As we continue our discussion on statistical inference, we move on to the estimation theory. Here you will learn about the concept of estimation, along with different elements and methods of estimation. You can check part-II here.
The estimation is the process of providing numerical values of the unknown parameter to the population. There are mainly two types of estimation process Point estimation and Interval estimation and confidence interval is the part of the interval estimation. We will also discuss about the elements of the estimation like parameter, statistic and estimator.
The characteristics of estimators are – (i) Unbiasedness – This is desirable property of a good estimator. (ii) Consistency – An estimator is said to be consistent if increasing the sample size produces an estimate with smaller standard error. (iii) Efficiency – An estimator should be an efficient estimator. (iv) Sufficiency – An estimator is said to be sufficient for a parameter, if it contains all the information in the sample regarding the parameter.
The methods of estimation are– (i) Method of maximum likelihood, (ii) Method of least square, (iii) Method of minimum variance, (iv) Method of moments.
Parameter is an unknown numerical factor of the population. The primary interest of any survey lies in knowing the values of different measures of the population distribution of a variable of interest. The measures of population distribution involves its mean, standard deviation etc. which is calculated on the basis of the population values of the variable. In other words, the parameter is a functional form of all the population unit.

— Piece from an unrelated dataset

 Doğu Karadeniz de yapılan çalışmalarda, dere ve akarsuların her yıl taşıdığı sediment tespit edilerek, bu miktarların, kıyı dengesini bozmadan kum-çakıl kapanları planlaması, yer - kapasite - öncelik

Any statistical measure calculated on the basis of sample observations is called Statistic. Like sample mean, sample standard deviation, etc. Sample statistic are always known to us.
Estimator An estimator is a measure computed on the basis of sample values. It is a functional from of all sample observe prorating a representative value of the collected sample. Relation Between Parameter And Statistic
Parameter is a fixed measure describing the whole population (population being a group of people, things, animals, phenomena that share common characteristics.) A statistic is a characteristic of a sample, a portion of the target population. A parameter is fixed, unknown numerical value, while the statistic is a known number and a variable which depends on the portion of the population. Sample statistic and population parameters have different statistical notations: In population parameter, population proportion is represented by P, mean is represented by µ (Greek letter mu), σ2 represents variance, N represents population size, σ (Greek letter sigma) represents standard deviation, σx̄ represents Standard error of mean, σ/µ represents Coefficient of variation, (X-µ)/σ represents standardized variate (z), and σp represents standard error of proportion.

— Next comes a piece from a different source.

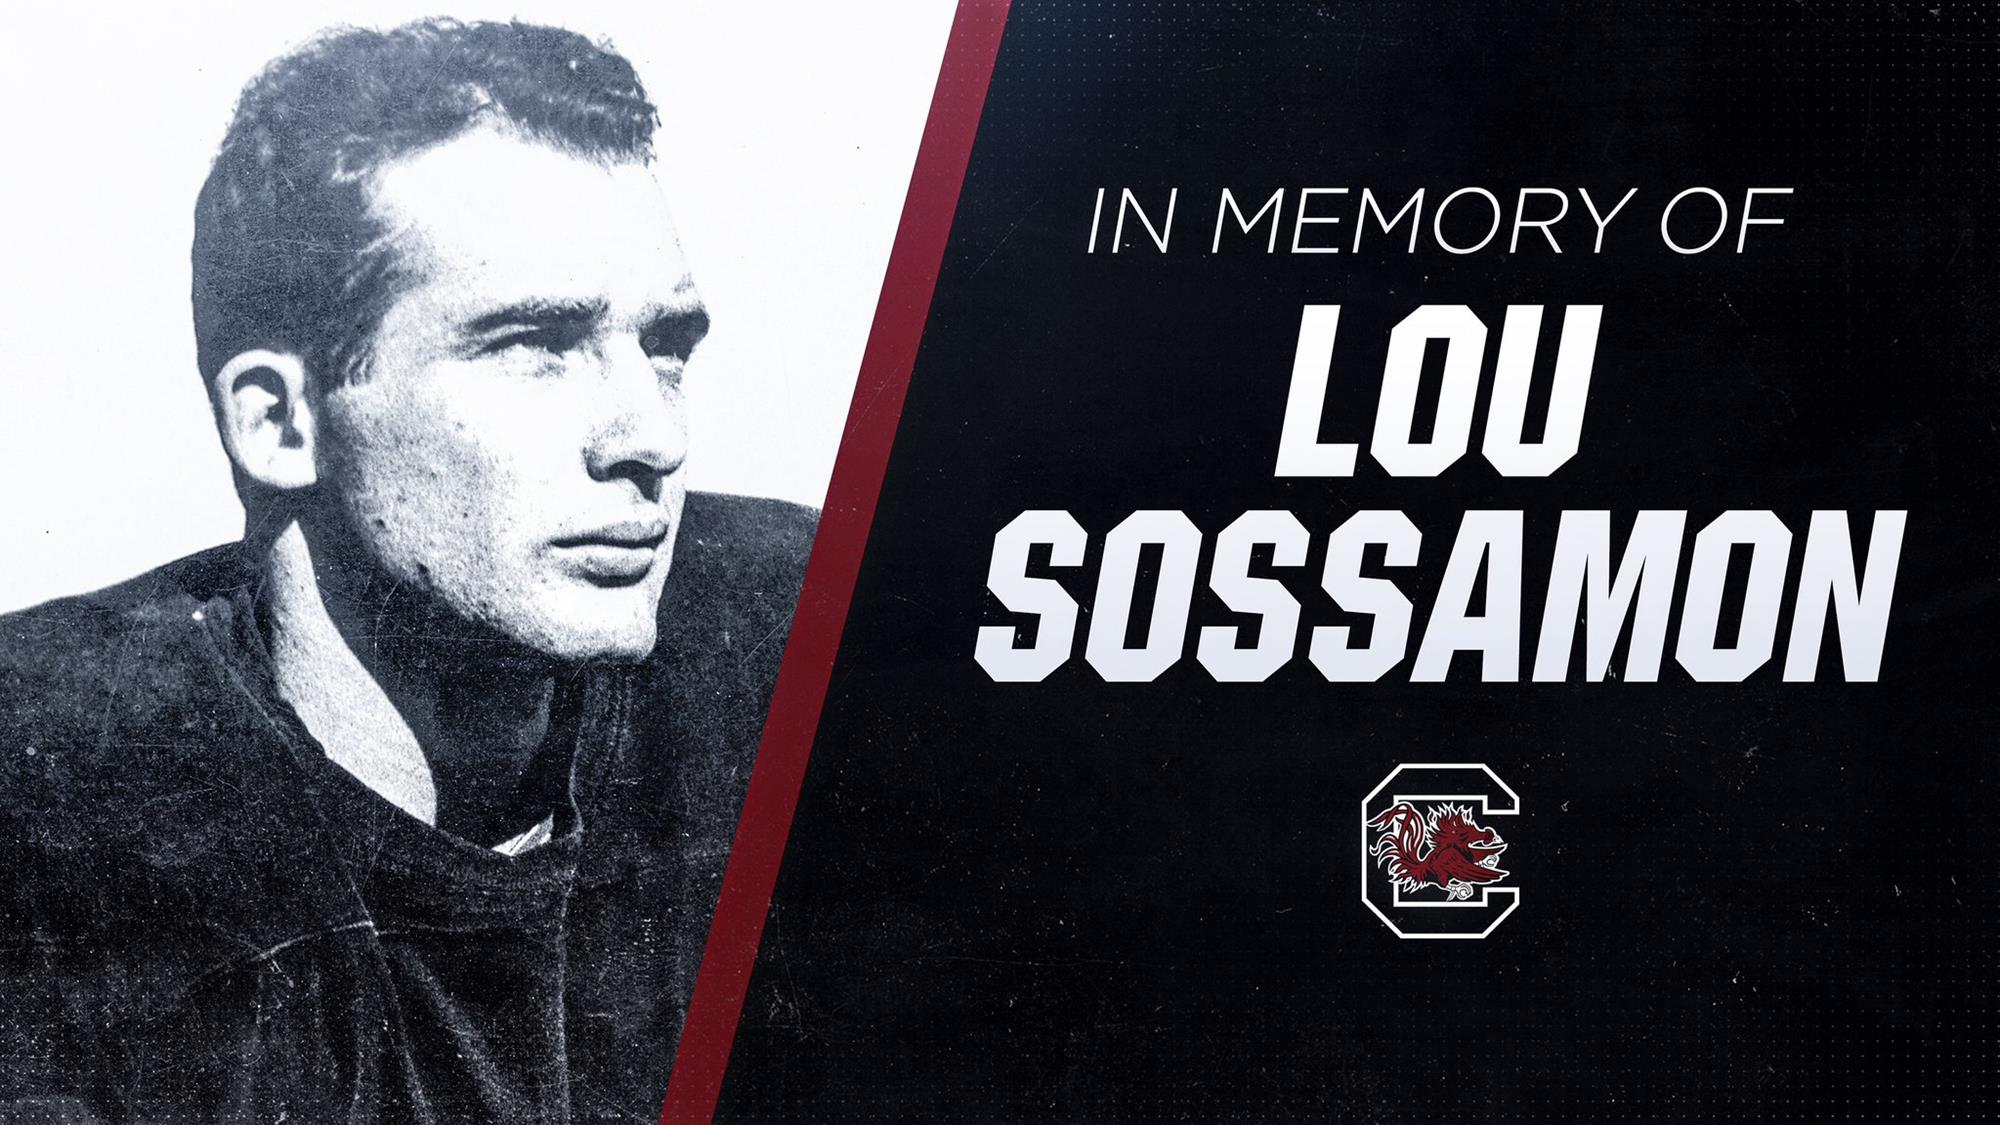 Gamecocks Mourn the Passing of Lou Sossamon

In sample statistics, mean is represented by x̄(x-bar), sample proportion is represented by p̂(p-hat), s represents standard deviation, s2 represents variance, sample size is represented by n, sx̄ represents Standard error of mean, sp represents standard error of proportion, s/(x̄) represents Coefficient of variation, and (x-x)/s ̄ represents standardized variate (z).
Estimation refers to the process by which one makes an idea about a population, based on information obtained from a sample.
Suppose we have a random sample 𝑥1, 𝑥2, … , 𝑥𝑛 on a variable x, whose distribution in the population involves an unknown parameter 𝜃. It is required to find an estimate of 𝜃 on the basis of sample values. The estimation is done in two different ways: (i) Point Estimation, and (ii) Interval Estimation.
In point estimation, the estimated value is given by a single quantity, which is a function of sample observations. This function is called the ‘estimator’ of the parameter, and the value of the estimator in a particular sample is called an ‘estimate’.
Interval estimation, an interval within which the parameter is expected to lie in given by using two quantities based on sample values. This is known as Confidence interval, and the two quantities which are used to specify the interval, are known as Confidence Limits.
Many functions of sample observations may be proposed as estimators of the same parameter. For example, either the mean or median or mode of the sample values may be used to estimate the parameter 𝜇 of the normal distribution with probability density function
In statistical analysis it is not always possible to find out an exact point estimate to form an idea about the population parameters. An approximately true picture can be formed if the sample estimations satisfy some important property such as unbiasedness consistency, sufficiency, efficiency & so on. So, a more general concept of estimation would be to find out an interval based on sample values which is expected to include the unknown parameter with a specified probability. This is known as the theory of interval estimator.
Let 𝑥1, 𝑥2,… , 𝑥𝑛 be a random sample from a population involve an unknown parameter 𝜃. Our job is to find out two functions 𝑡1 & 𝑡2 of the sample values. Such that the probability of 𝜃 being included in the random interval 𝑡1,𝑡2 has a given value say 1 − 𝛼 . So,
Here the interval [𝑡1,𝑡2] is called a 100 × ( ) 1 − 𝛼 % confidence interval for the parameter 𝜃. The quantities 𝑡1 & 𝑡2 which serve as the lower & upper limits of the interval are known as confidence limits. 1 − 𝛼 is called the confidence coefficient. The is a sort of measures of the trust or confidence that one may place in the interval for actually including 𝜃.
A statistic t is said to be an Unbiased Estimator of parameter 𝜃, if the expected value of t is 𝜃. 𝐸 𝑡 = 𝜃 Otherwise, the estimator is said to be ‘biased’. The bias of a statistic in estimating 𝜃 is given as 𝐵𝑖𝑎𝑠 = 𝐸 𝑡 − 𝜃 Let 𝑥1, 𝑥2,… , 𝑥𝑛 be a random sample drawn from a population with mean 𝜇 and variance 𝜎 2 . Then Sample mean
The distinction between 𝑆 2 and 𝑠 2 in which only he denominators are different. 𝑆 2 is the variance of the sample observations, but 𝑠 2 is the ‘unbiased estimator’ of the variance (𝜎 2 ) in the population.
A desirable property of good estimator is that its accuracy should increase when the sample becomes larger. That is, the estimator is expected to come closer to the parameter as the size of the sample increases.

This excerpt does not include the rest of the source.